A useful move if you sit a lot
There’s a newer angle here that’s actually pretty interesting. A seated calf-raise-like movement called the soleus push-up has been studied as a way to activate the soleus during long periods of sitting. One study found that three minutes of seated calf raises every 30 minutes reduced insulin response by 26%.
Another study reported that soleus push-ups reduced glucose spikes by about 52% compared with sitting. That sounds impressive, and it is, but there’s a catch. This kind of work is about sustained contractions, not just knocking out 20 quick reps. And for general health, walking after meals is still the better-established option.
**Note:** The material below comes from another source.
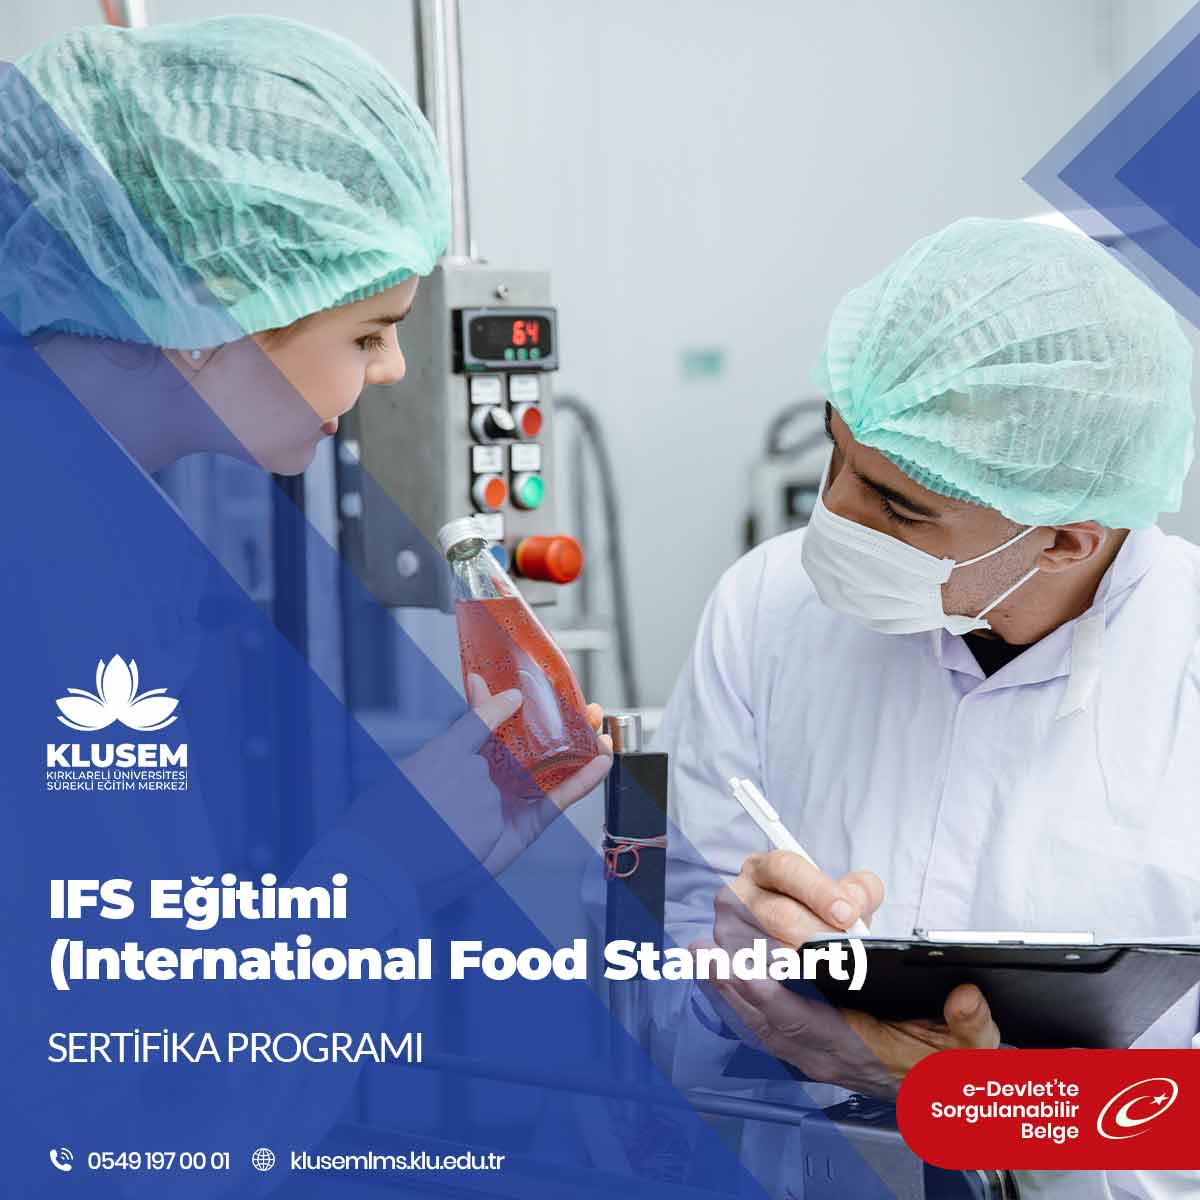 IFS standardı, gıda güvenliğinin ve üreticilerin kalite düzeylerinin eşit kontrolüne yaramaktadır.

So yes, seated calf-style contractions may help if you’re stuck at a desk. But they’re not a magic replacement for moving your whole body.
Common Questions About Seated Calf Raises
Should you do seated or standing calf raises?
Both, if you can. Standing calf raises should usually be the priority for visible size, while seated calf raises help train the soleus and round out your lower-leg development.
How heavy should you go?
Go as heavy as you can while still getting a full stretch, a strong top contraction, and controlled reps. If the weight makes you bounce or shortens the range of motion, it’s too heavy.
How often should you train calves?
Two to four times per week works for most people. Start with two or three sessions, see how you recover, and build from there.
Can seated calf raises help if your calves won’t grow?
Yes, but they’re not magic. Genetics matter with calves, probably more than anyone wants to hear. Still, better results usually come from doing more quality weekly volume, using full range of motion, emphasizing the stretch, and combining seated work with standing raises.
A Simple Calf Plan That Actually Makes Sense
If you want a plan that’s easy to follow and actually gives your calves a fair shot, keep it simple. Start with standing calf raises as your main size builder. Add seated calf raises after them, or on another day, to bring up the soleus and build complete calves.
Train calves two or three times a week. Use controlled reps, a deep stretch, and enough effort that the last few reps feel hard without turning sloppy. Stay with that plan for at least eight to twelve weeks before deciding it “isn’t working.”
That’s really the whole deal. Seated calf raises are a good exercise. They’re just even better when you stop expecting them to do everything on their own.
Frequently Asked Questions
Are seated calf raises enough for calves?
They’re enough to train the soleus well, but they’re usually not enough for maximum calf size on their own. Most people will get better results by combining seated and standing calf raises.
Do seated calf raises make calves bigger?
Yes, they can help grow the calves, especially the soleus. But for bigger-looking calves overall, standing calf raises tend to be more effective.
Should seated calf raises be done high reps?
Often, yes. Calves usually respond well to moderate to high reps, and seated calf raises are a great fit for sets of 10 to 20 reps, sometimes more if the form stays clean.
Can you do seated calf raises at home?
Absolutely. Sit on a chair or bench, place a dumbbell or weight plate across your knees, and raise your heels while keeping the balls of your feet planted. A small block under the forefoot can improve range of motion.
Why do I feel seated calf raises in my feet instead of my calves?
Usually because you’re rushing, bouncing, or using a poor foot position. Slow the reps down, let the heels drop into a stretch, and think about pressing through the balls of the feet and big toe.
Should you pause at the bottom of seated calf raises?
Yes. A brief pause at the bottom helps remove momentum and increases time in the stretched position, which seems to be especially helpful for calf growth.